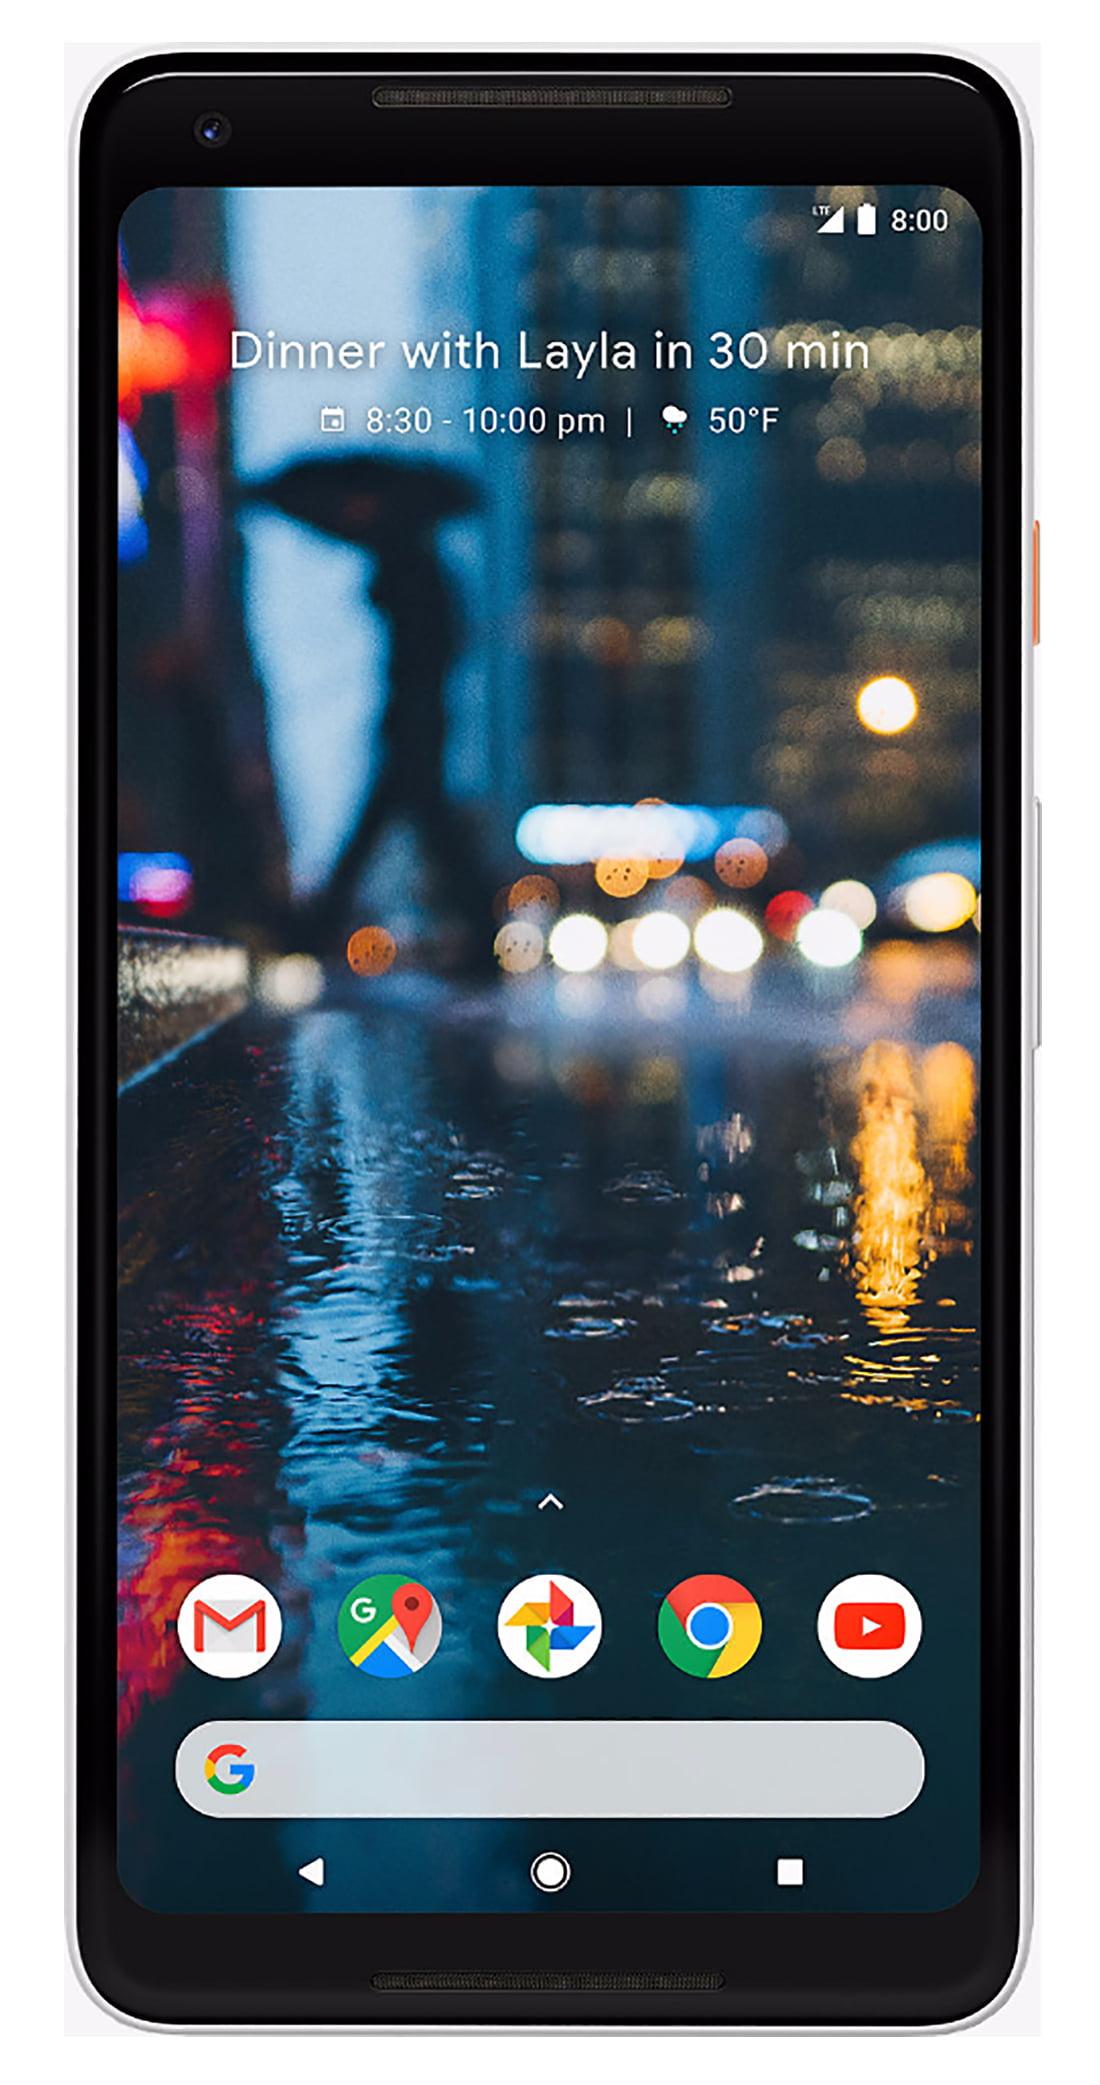 Google Pixel 2 XL 128GB Unlocked GSM/CDMA 4G LTE Octa-Core Phone w/...
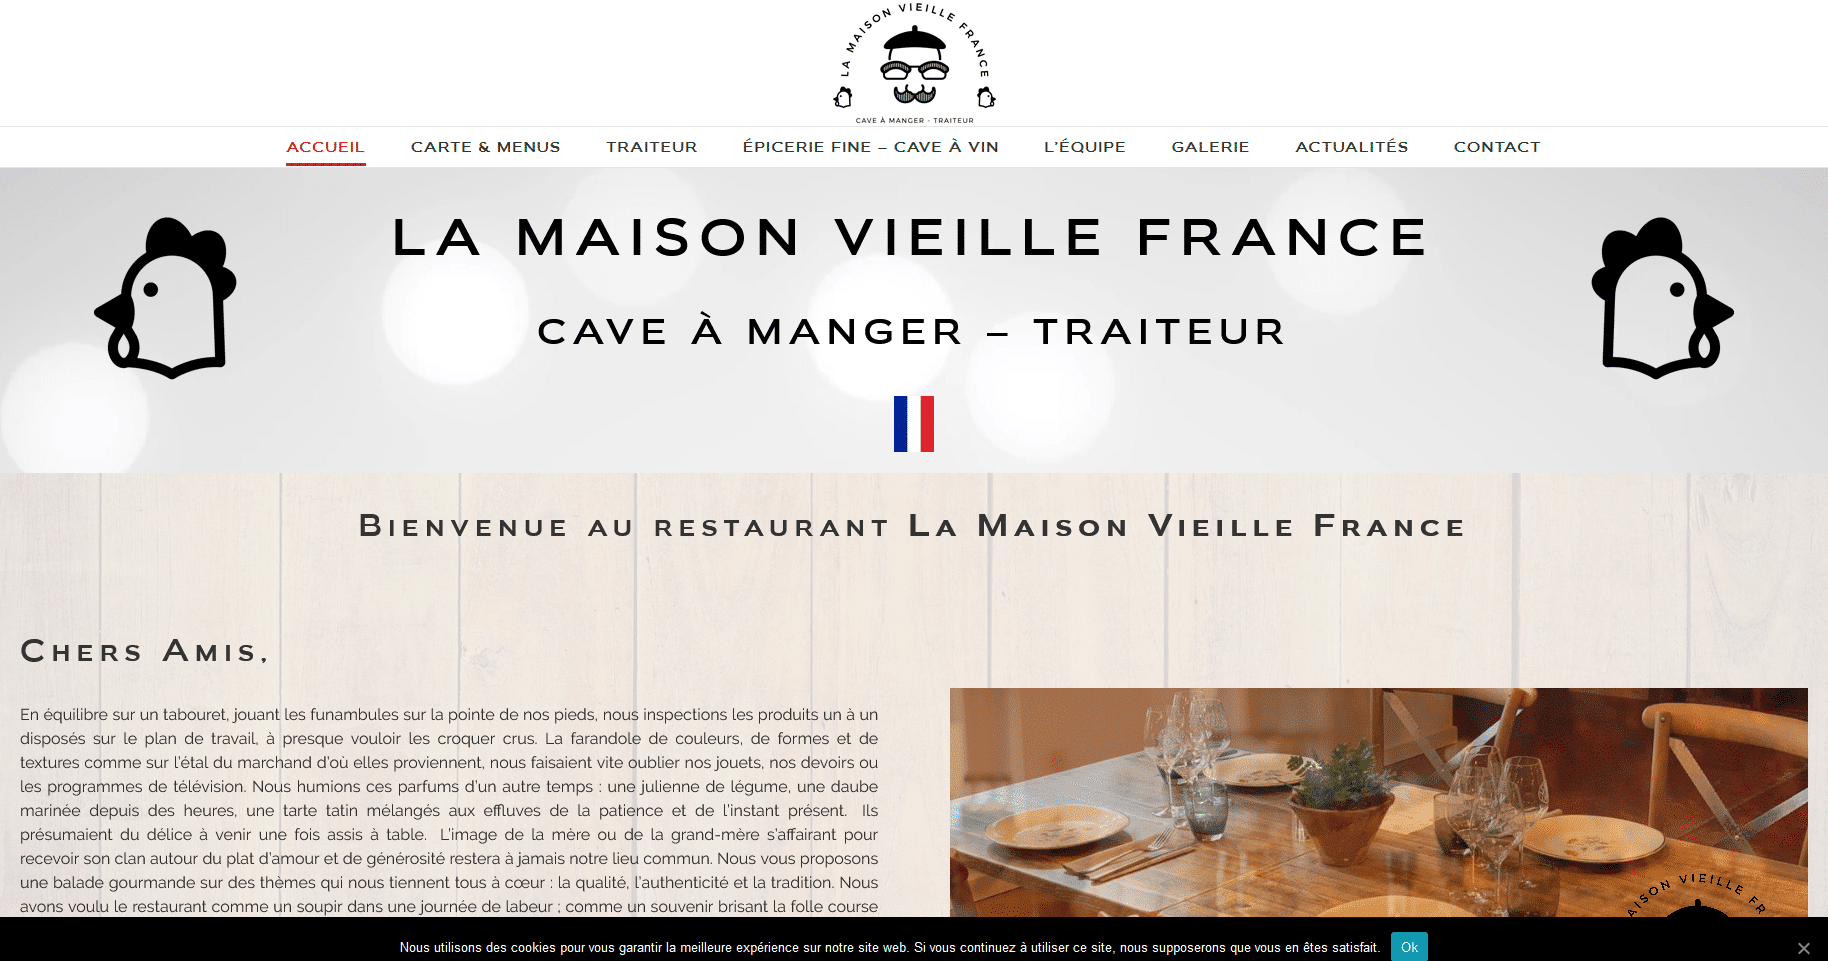 Restaurant Maison Vieille France
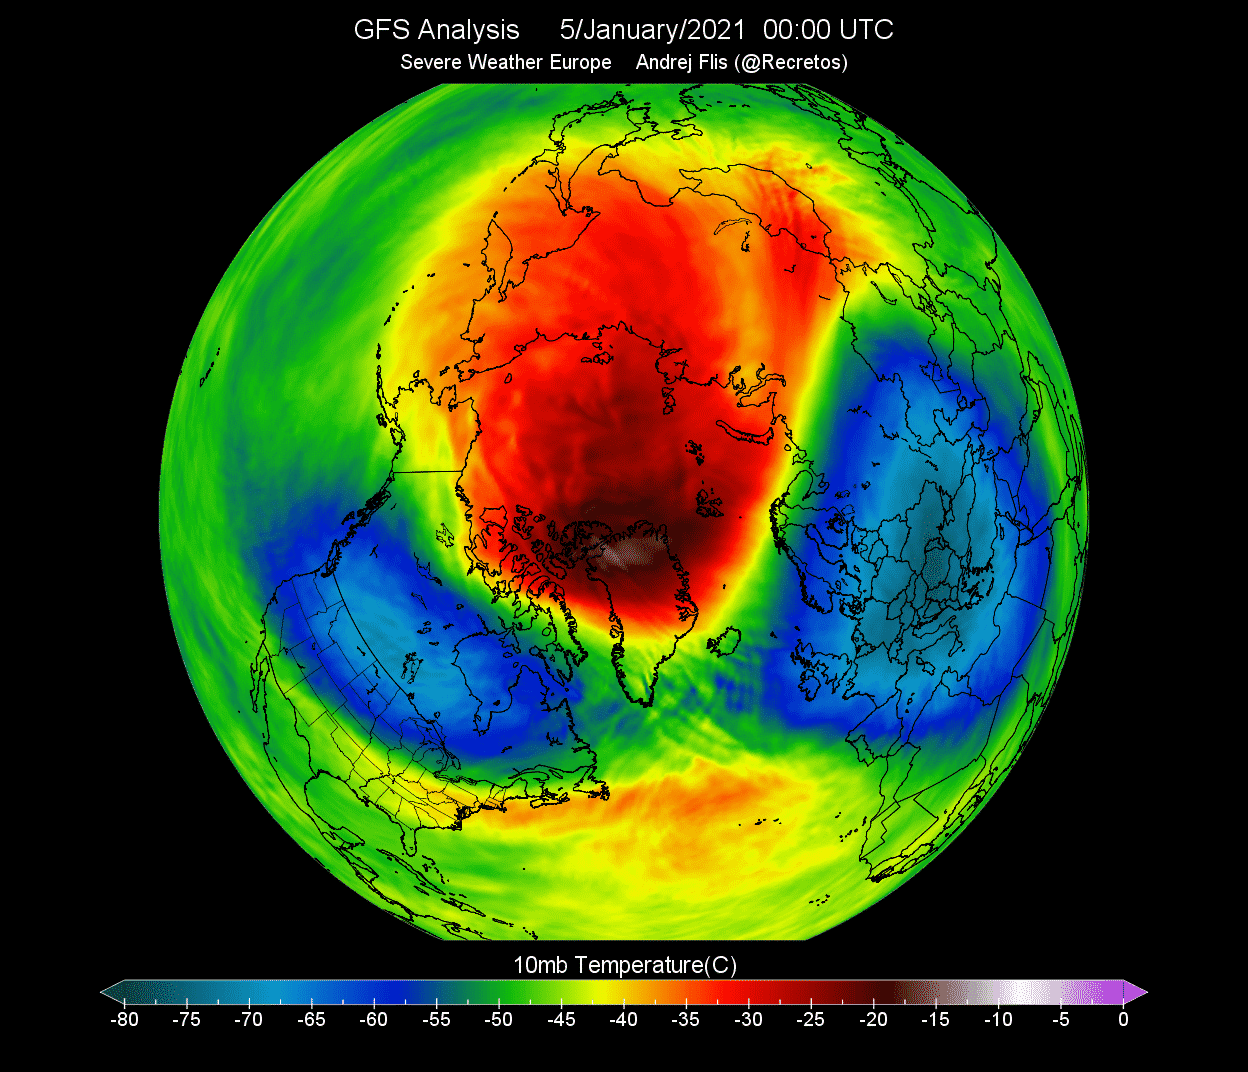 polar-vortex-weather-winter-united-states-europe-major-stratospheric-warming-temperature-event
--
**WORK TO COMPLETE**
Transcribe the whole listing exactly as it stands, apart from the pictures.

**WRITTEN REPLY**
 Google Pixel 2 XL 128GB Unlocked GSM/CDMA 4G LTE Octa-Core Phone w/...
 Restaurant Maison Vieille France
 polar-vortex-weather-winter-united-states-europe-major-stratospheric-warming-temperature-event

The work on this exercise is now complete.